AI systems favor clarity over generalization and if your brand tries to be everything to everyone, then your entity signal weakens.

Take StudioHawk for example - instead of being a full service digital marketing agency, we are a specialist SEO & AI Search agency. This helps us to create stronger semantic alignment, higher topical authority and clearer recommendation pathways.

For other brands, narrowing down into a particular demographic or niche service that you leverage in your marketing (even if you can offer more), will allow you to have a clearer alignment and dominate your category.

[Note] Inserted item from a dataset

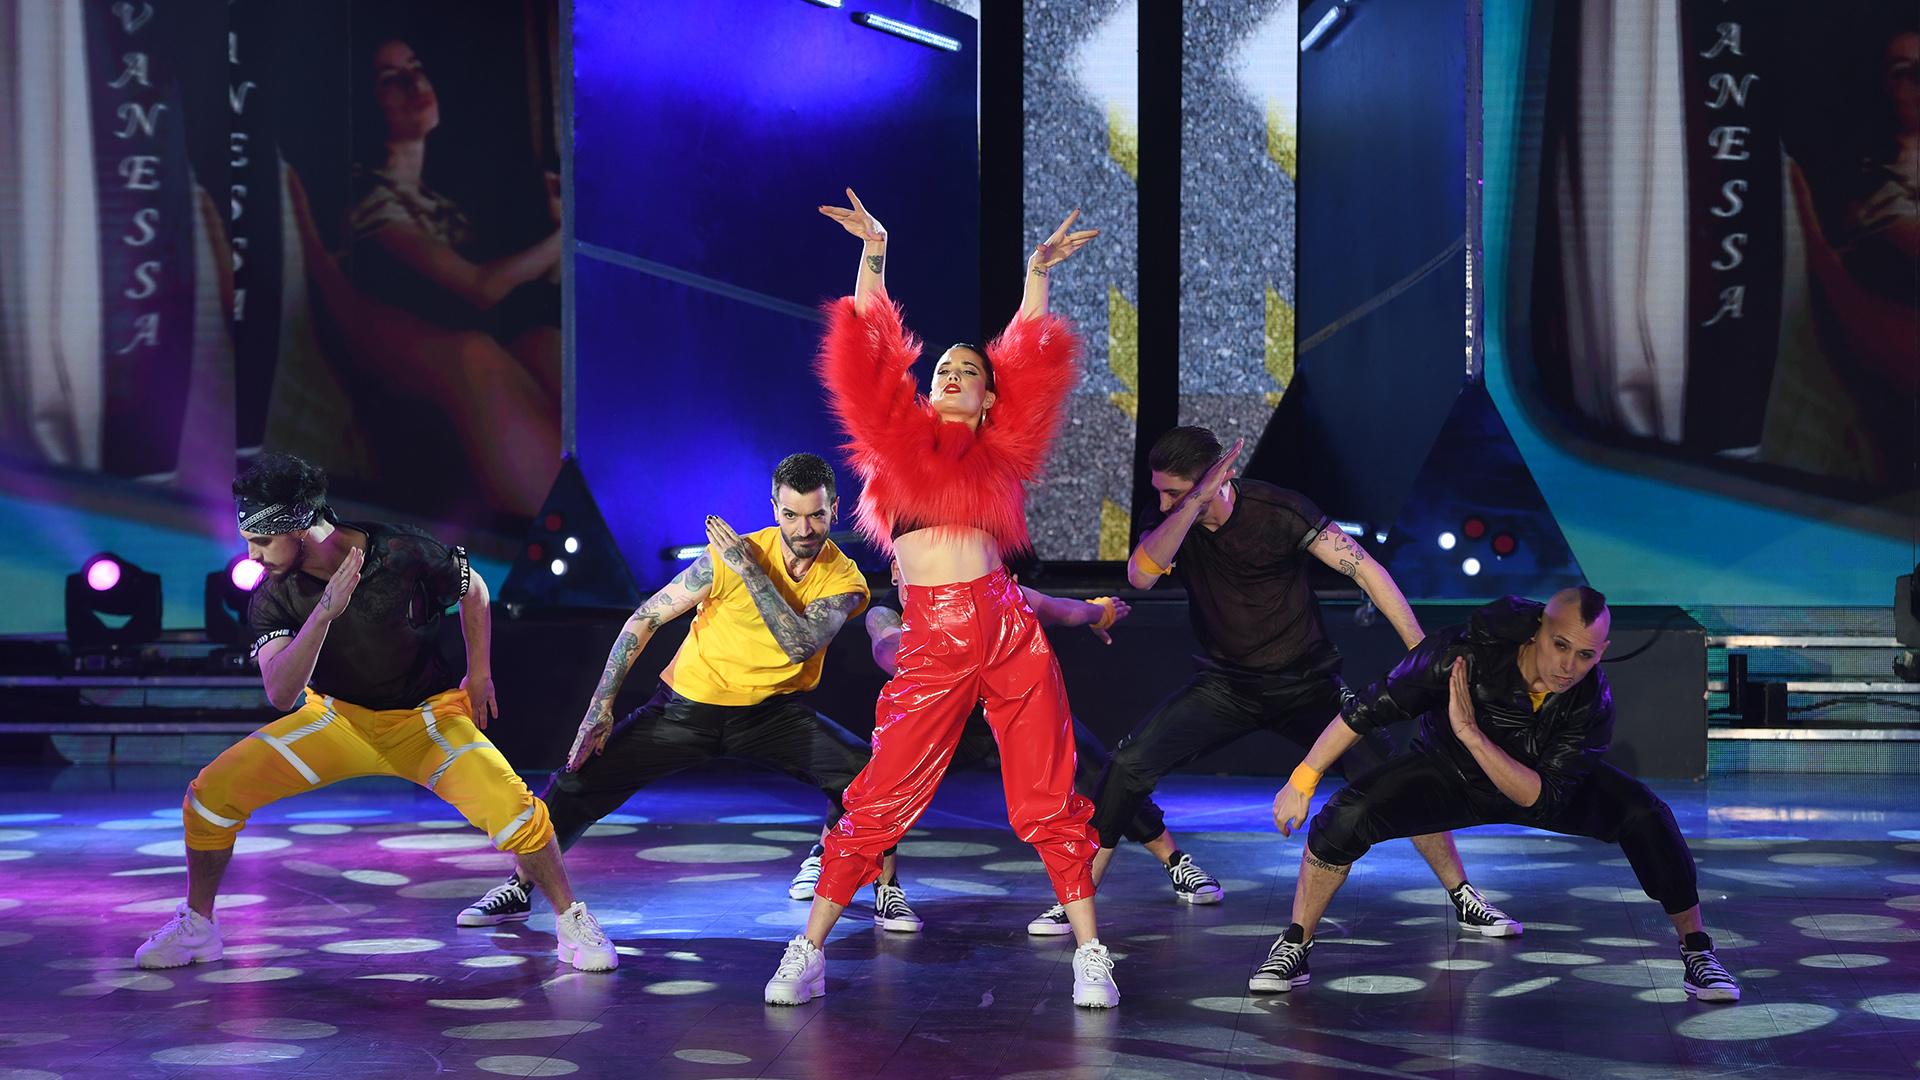 """Florencia Torrente en medio de su coreografía basada en el videoclip de """"Malamente"""", de Rosalía. Y como suele ser habitual en ella… ¡descollo! (Foto: Prensa LaFlia / Negro Luengo)"""

Eliminate Siloed Marketing

This is one of the biggest structural issues we see. Your SEO team does one thing, PR team does another, the paid ads team has completely separate messaging and builds new pages directing traffic away from some of your top performing organic pages, social media says something different and your sales positioning varies again.

AI systems do not see departments, they see signals. If messaging varies across all of your channels then entity clarity weakens. If positioning changes depending on the platform, confidence drops.

To succeed in AI Search, brands need a unified positioning, consistent terminology, shared messaging pillars, clear differentiation used everywhere and close alignment between all teams.

Encourage Conversation Around Your Brand

AI models are also strongly influenced by user discussions, reviews, comparisons, industry debates and community commentary - and brands that generate organic discussion tend to surface more often.

Conversation builds signal and silence is weak - encourage customer reviews, testimonials with detail, case studies with real numbers and ongoing community engagement. The more your brand is talked about online (and offline) the bigger your brand presence in your niche will become and the more likely you are to be referenced.

A Practical Framework For AI-Structured Content

Understanding what chunking and cosine similarity are is useful, but the real question is how exactly do you apply this to content on your website?

When building any page on your website, whether that’s a landing page, service page, blog article or any other type of content, ask yourself the following questions:

  1. Can this section stand alone as an answer?
  2. Is this paragraph tightly aligned to one idea?
  3. Would this chunk clearly match a related query?
  4. Have I defined terms instead of assuming knowledge?
  5. Is the header semantically descriptive?

If the answer is yes to all of these questions, then you are increasing inclusion probability. If you answered “no”, then you are potentially reducing it and need to consider reworking your content.

AI visibility is not random, it’s probabilistic. The goal of structured content is to increase the probability that your content matches user intent, scores highly in cosine similarity, are confidently retrieved and are included in synthesized answers.